Dólar fecha março com maior queda mensal em 6 meses, próximo a R$2,25

segunda-feira, 31 de março de 2014 17:27 BRT
 

Por Bruno Federowski

SÃO PAULO, 31 Mar (Reuters) - O dólar teve leve alta ante o real nesta segunda-feira, fechando março com o maior tombo desde setembro passado e se aproximando do patamar de 2,25 reais, mas com avaliações de que o Banco Central brasileiro não estaria confortável com as atuais cotações.

Especialistas esperam que o BC continue com suas atuações no mercado de câmbio, mas talvez um pouco mais moderadas, preocupado com o impacto do dólar mais fraco sobre as exportações.
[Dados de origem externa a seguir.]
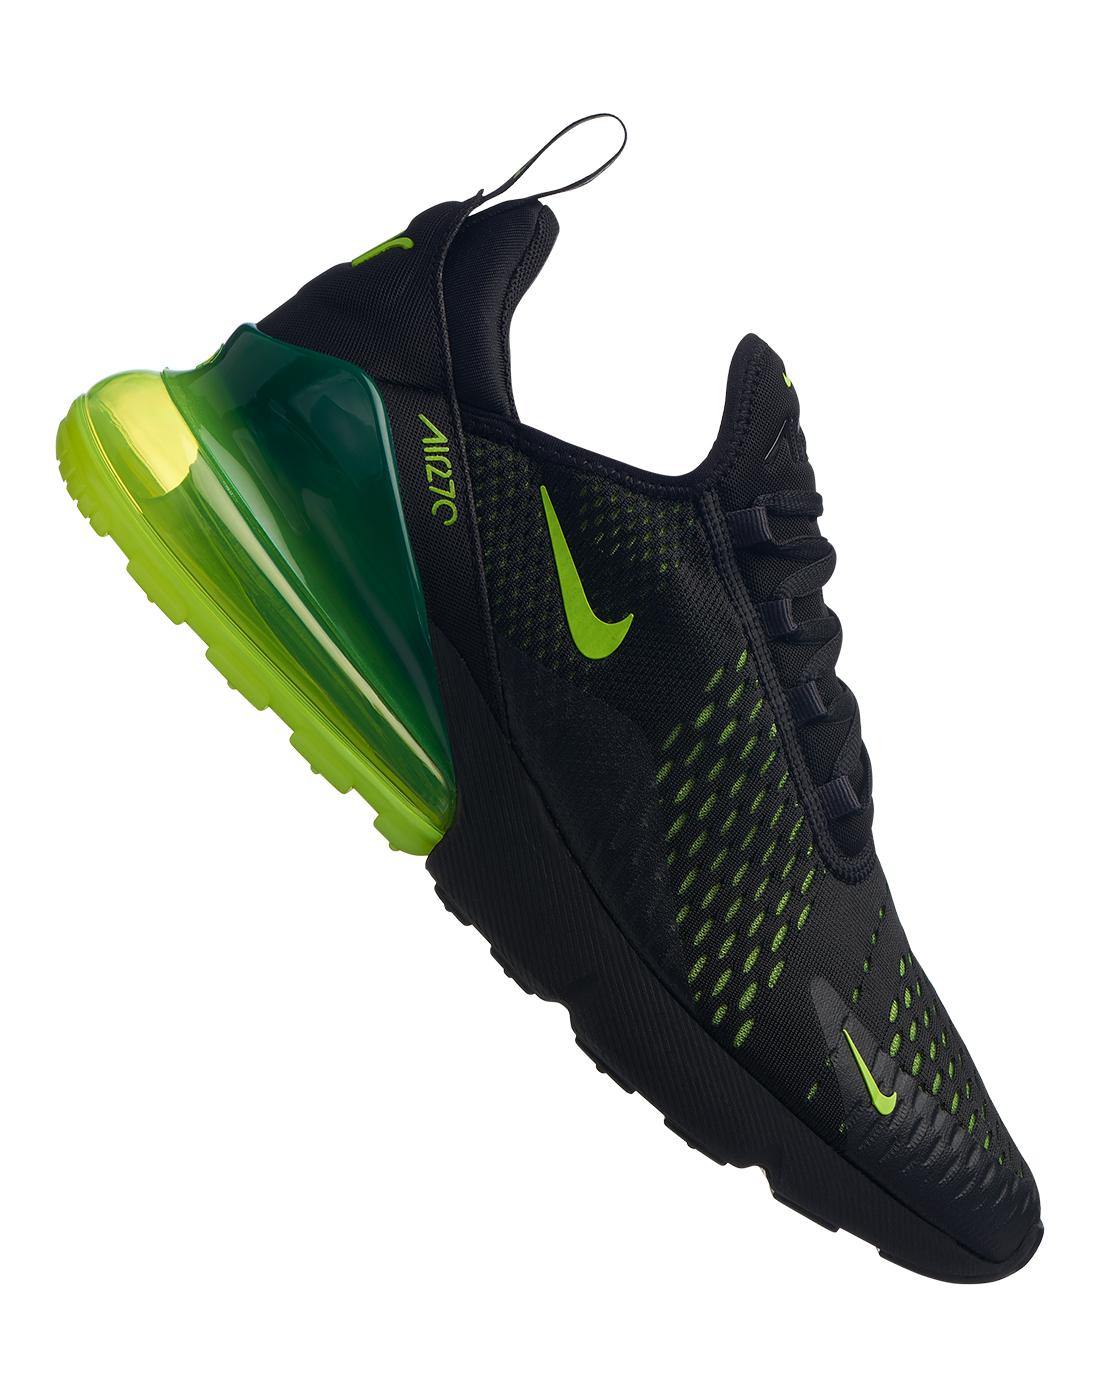 77018608c9 Men's Black & Neon Green Nike Air Max 270 | Life Style Sports

Para eles, o piso informal para o câmbio estaria entre 2,25 ou 2,30 reais.

O dólar fechou a sessão com alta de 0,44 por cento, a 2,2694 reais na venda, e acumulou queda de 3,22 por cento em março, maior recuo mensal desde setembro de 2013, quando perdeu 7,08 por cento. No trimestre, a baixa somou 3,74 por cento.

Segundo dados da BM&F, o giro financeiro ficou em torno de 2 bilhões de dólares.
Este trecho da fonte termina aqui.